» **PROVIDED DATA**
"""

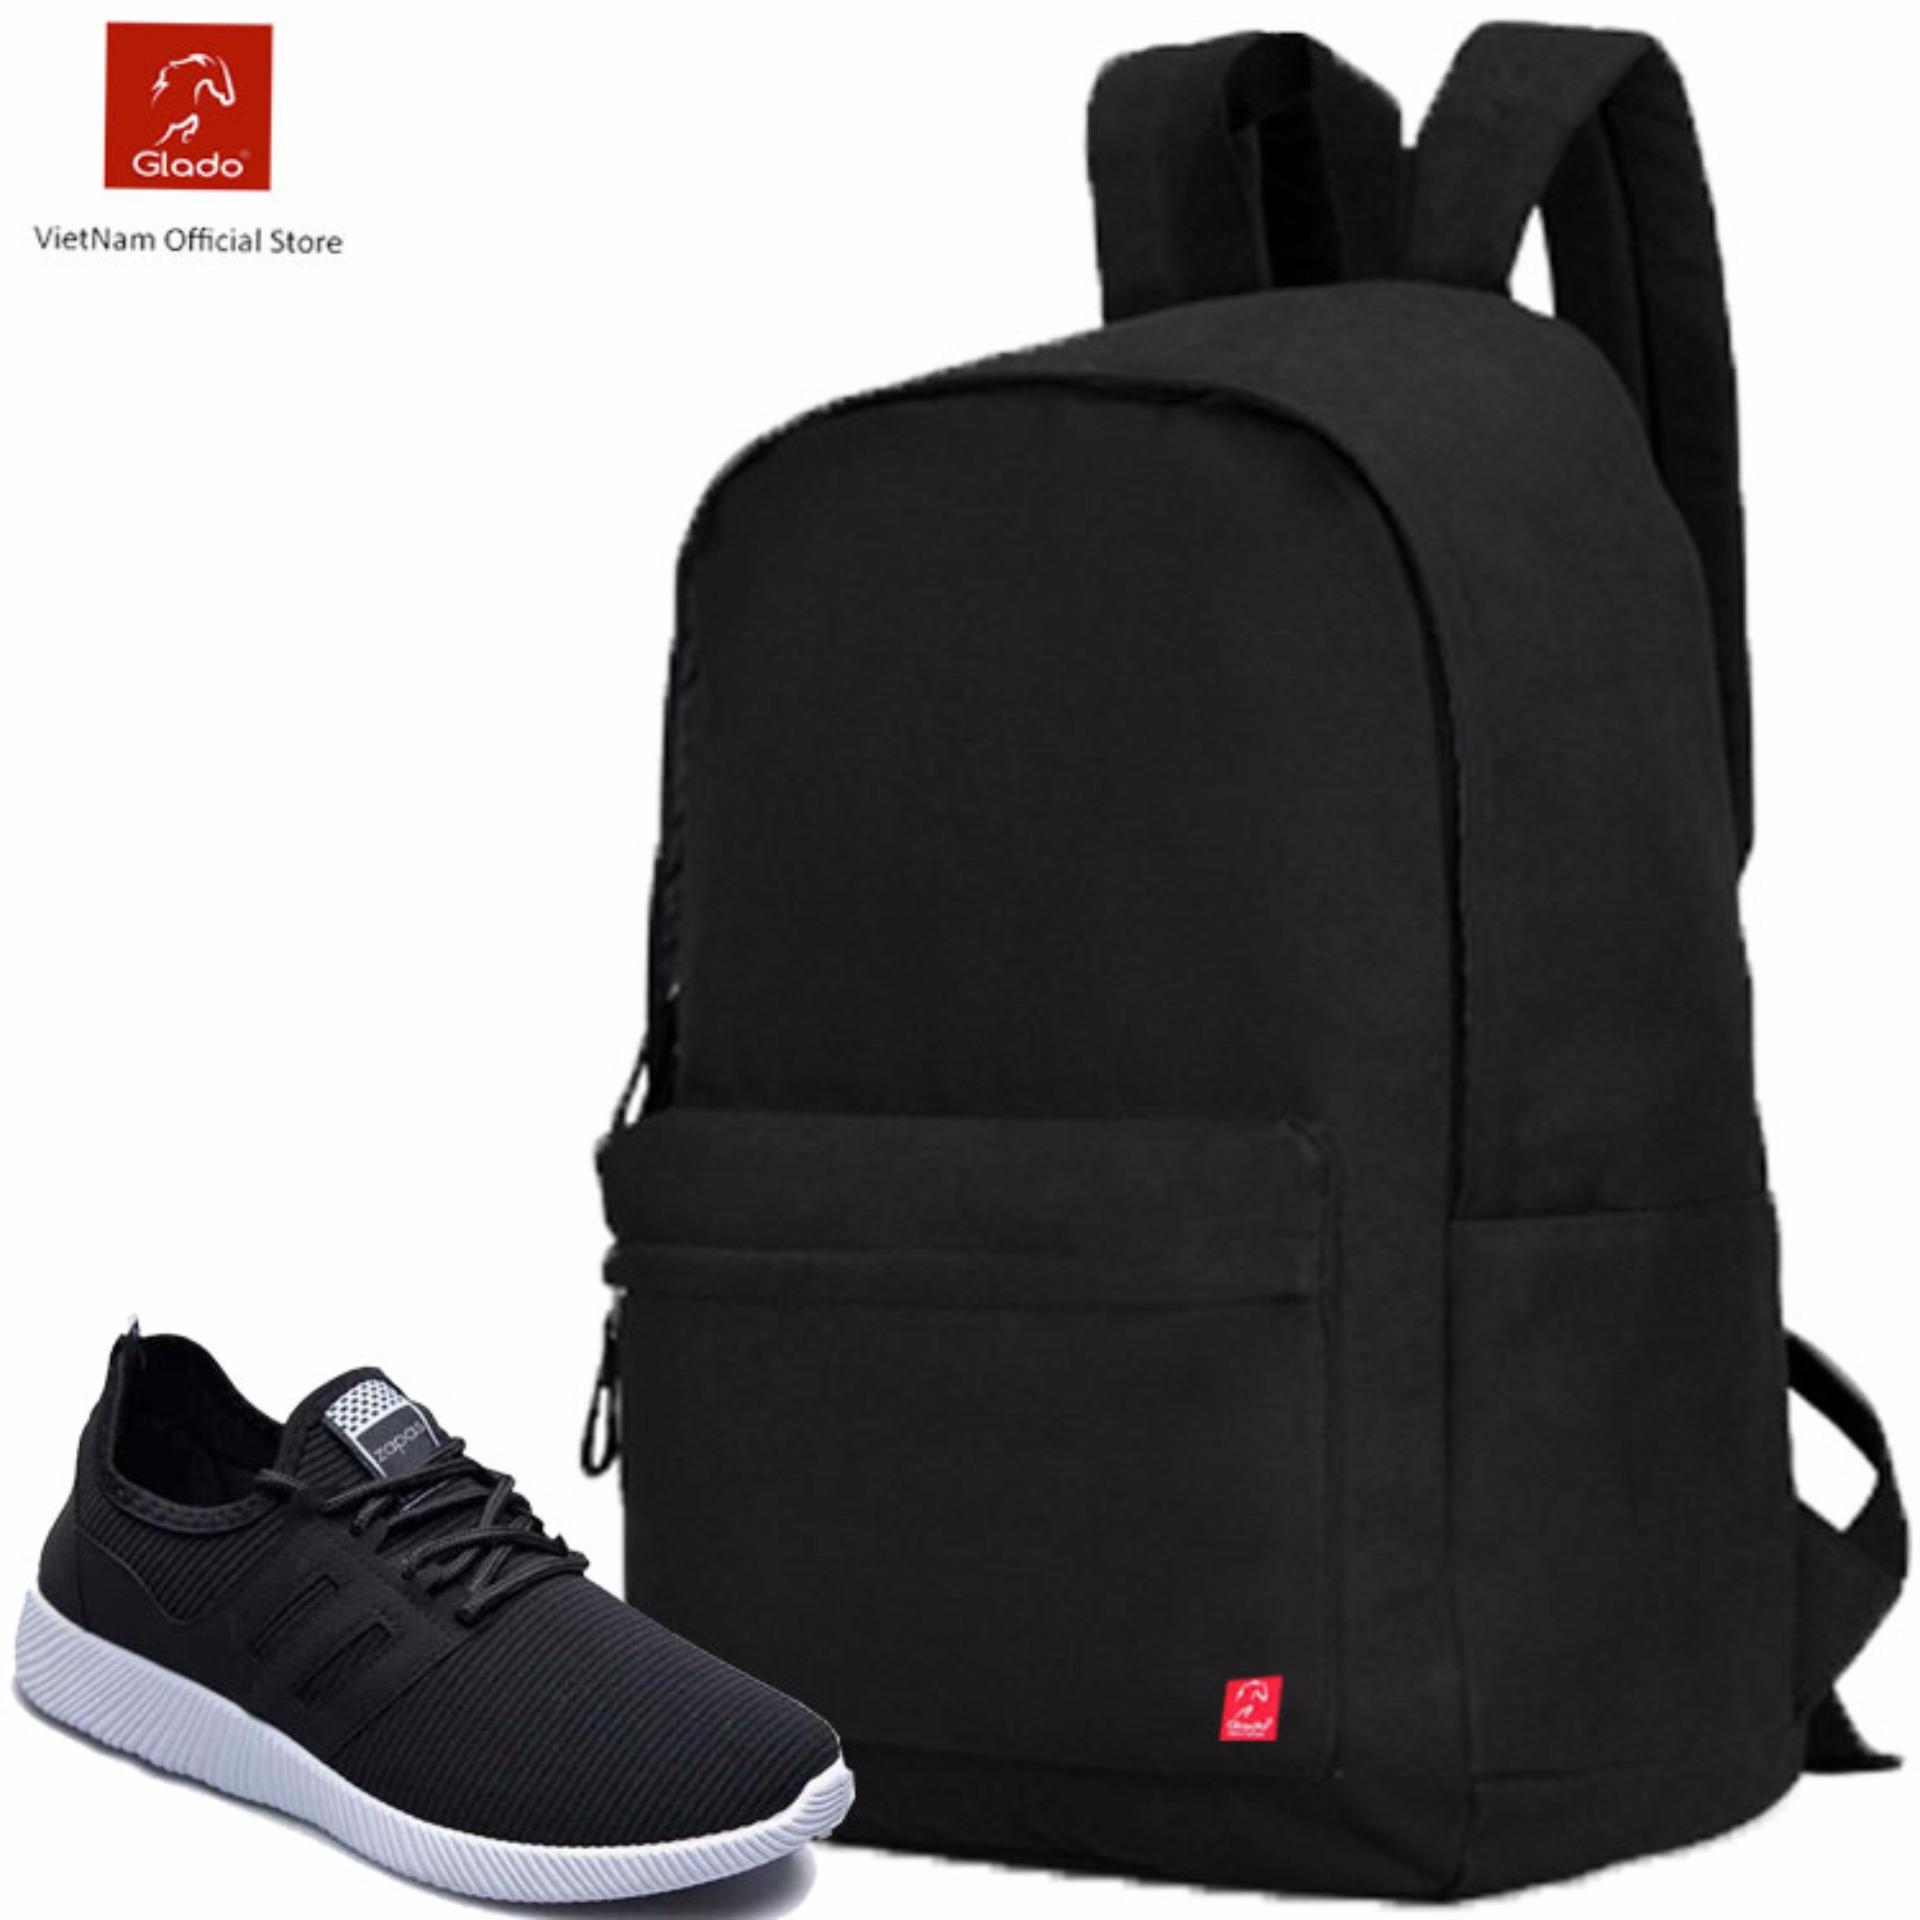 Combo Balo Cylinder Laptop BLL002BA + Giày Sneaker GS068BA (Đen) – CB021
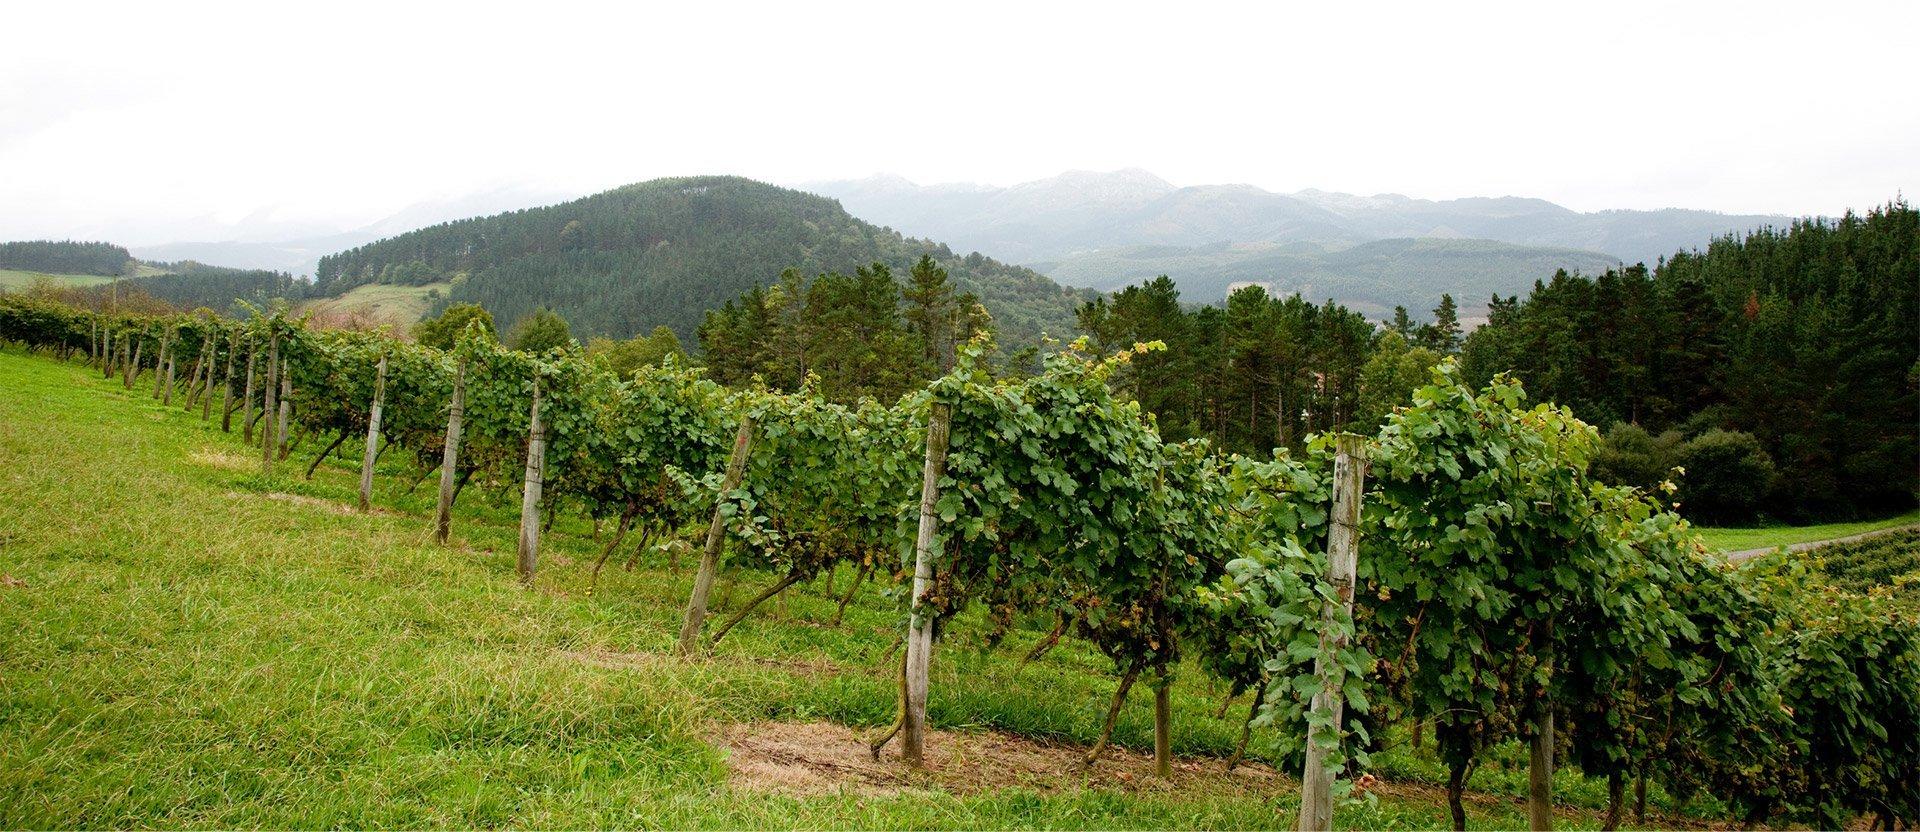 <h1>Winery</h1>
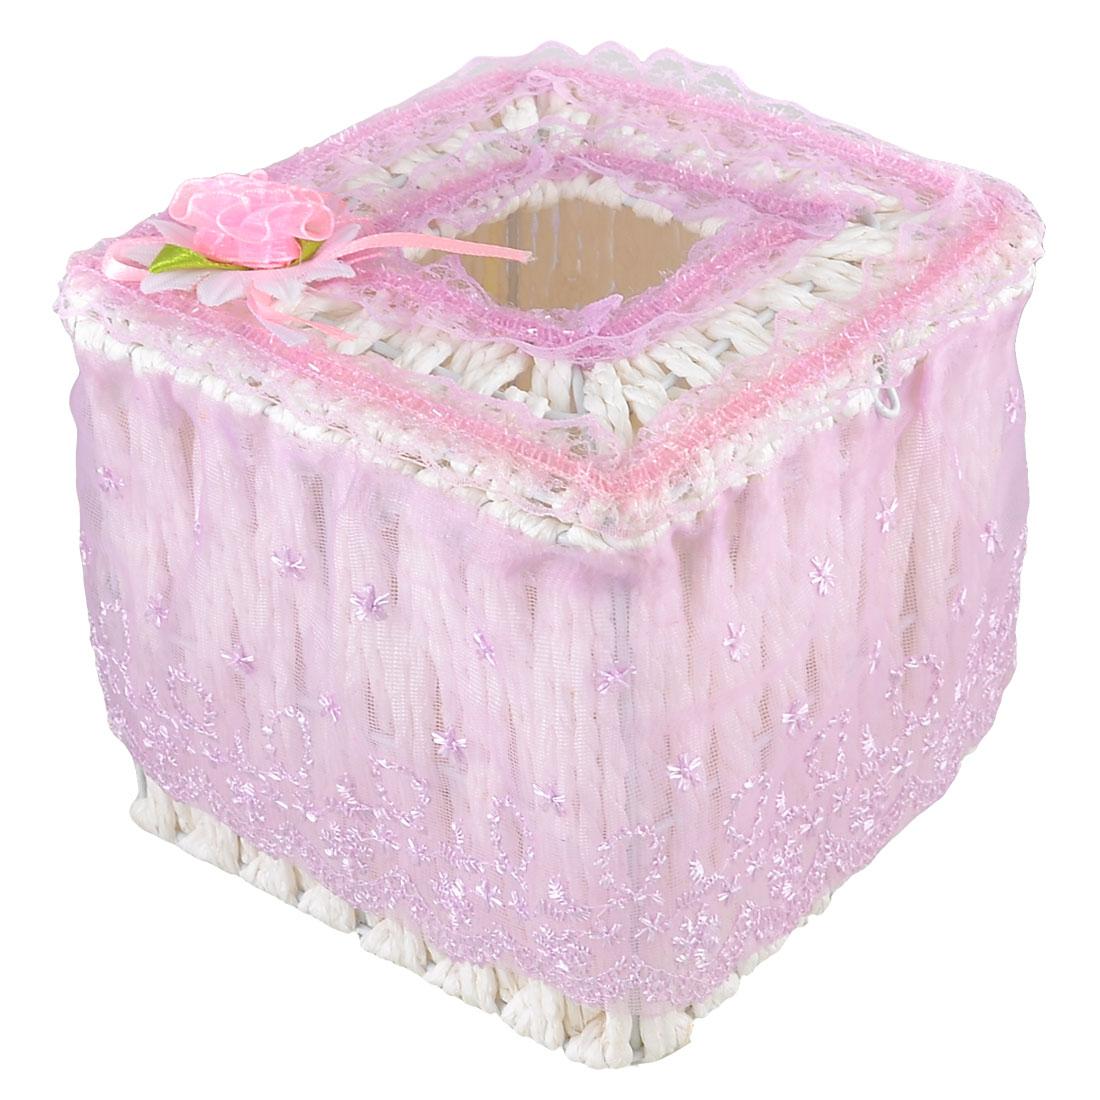 Light Purple Floral Lace Detailed Square Shape White Woven Tissue Box Case
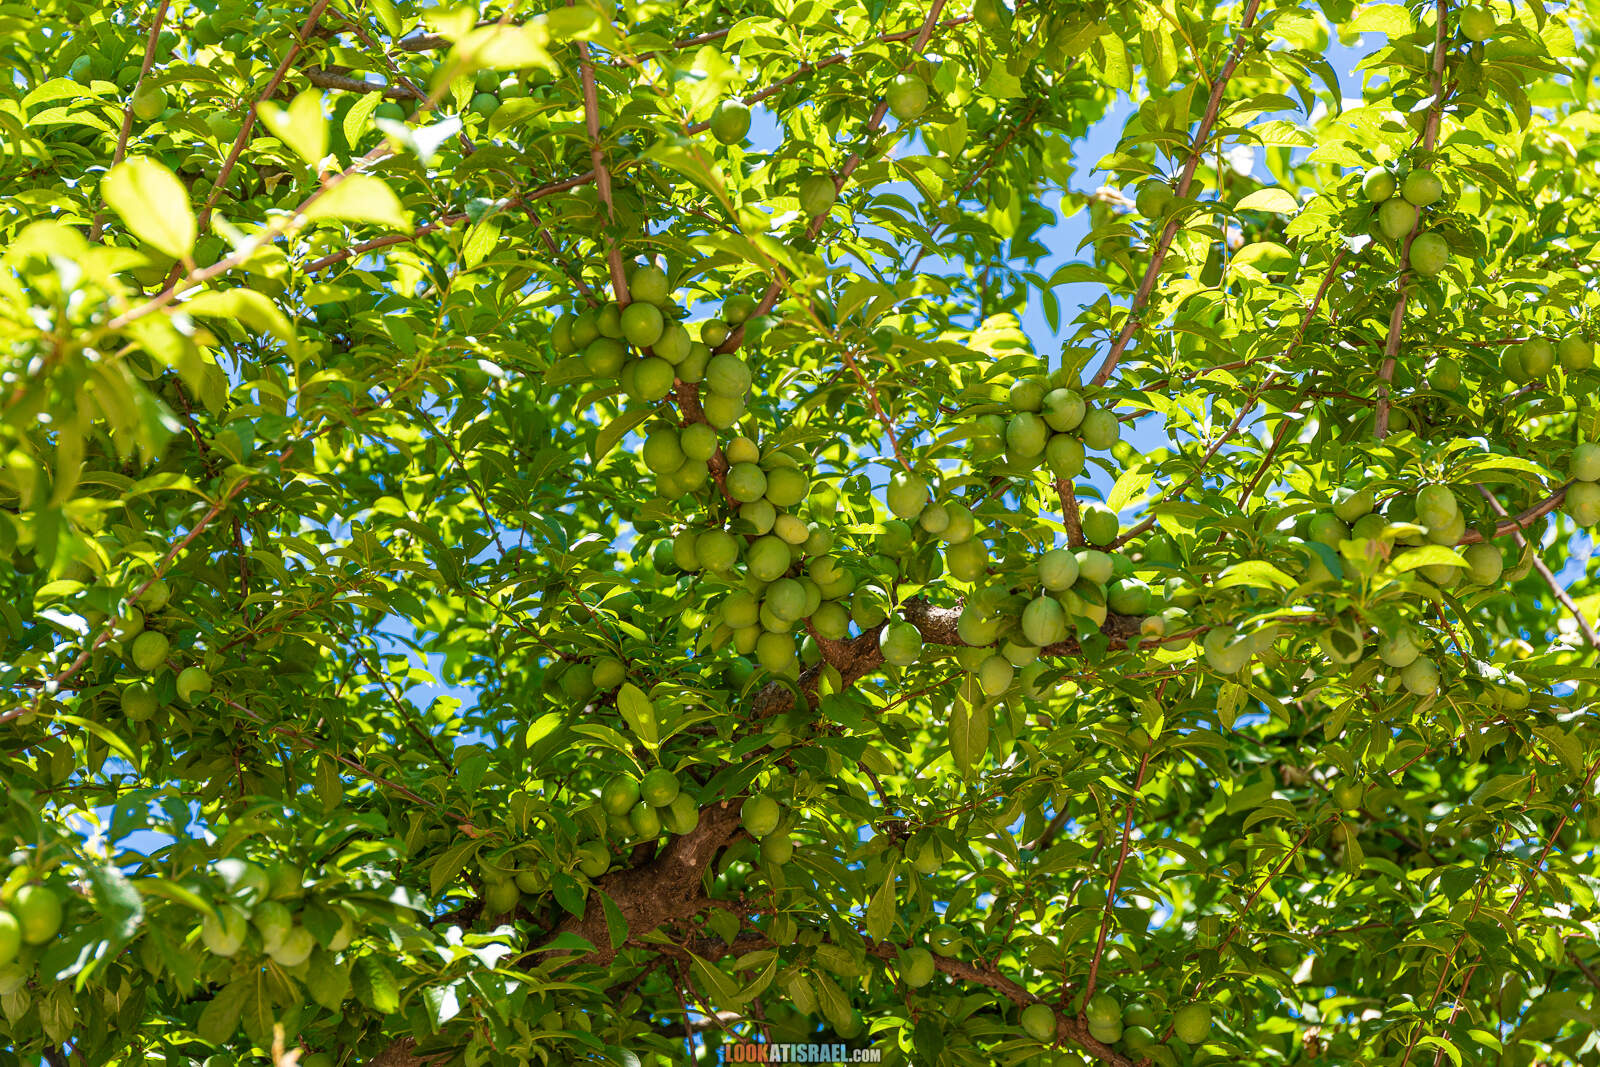 Тропа Голан - Тропа Черешни - от поселка Нимрод до мемориала Пальсар 7 - Буката, Масаде, гора Одем, гора Хермонит и гора Хермон и Голанские высоты |  LookAtIsrael.com - Фото путешествия по Израилю

"""

» **BRIEF**
Only the pictures are to be left out, and all of the data must otherwise be transcribed exactly.

» **TASK ANSWER**
 Combo Balo Cylinder Laptop BLL002BA + Giày Sneaker GS068BA (Đen) – CB021
 <h1>Winery</h1>
 Light Purple Floral Lace Detailed Square Shape White Woven Tissue Box Case
 Тропа Голан - Тропа Черешни - от поселка Нимрод до мемориала Пальсар 7 - Буката, Масаде, гора Одем, гора Хермонит и гора Хермон и Голанские высоты |  LookAtIsrael.com - Фото путешествия по Израилю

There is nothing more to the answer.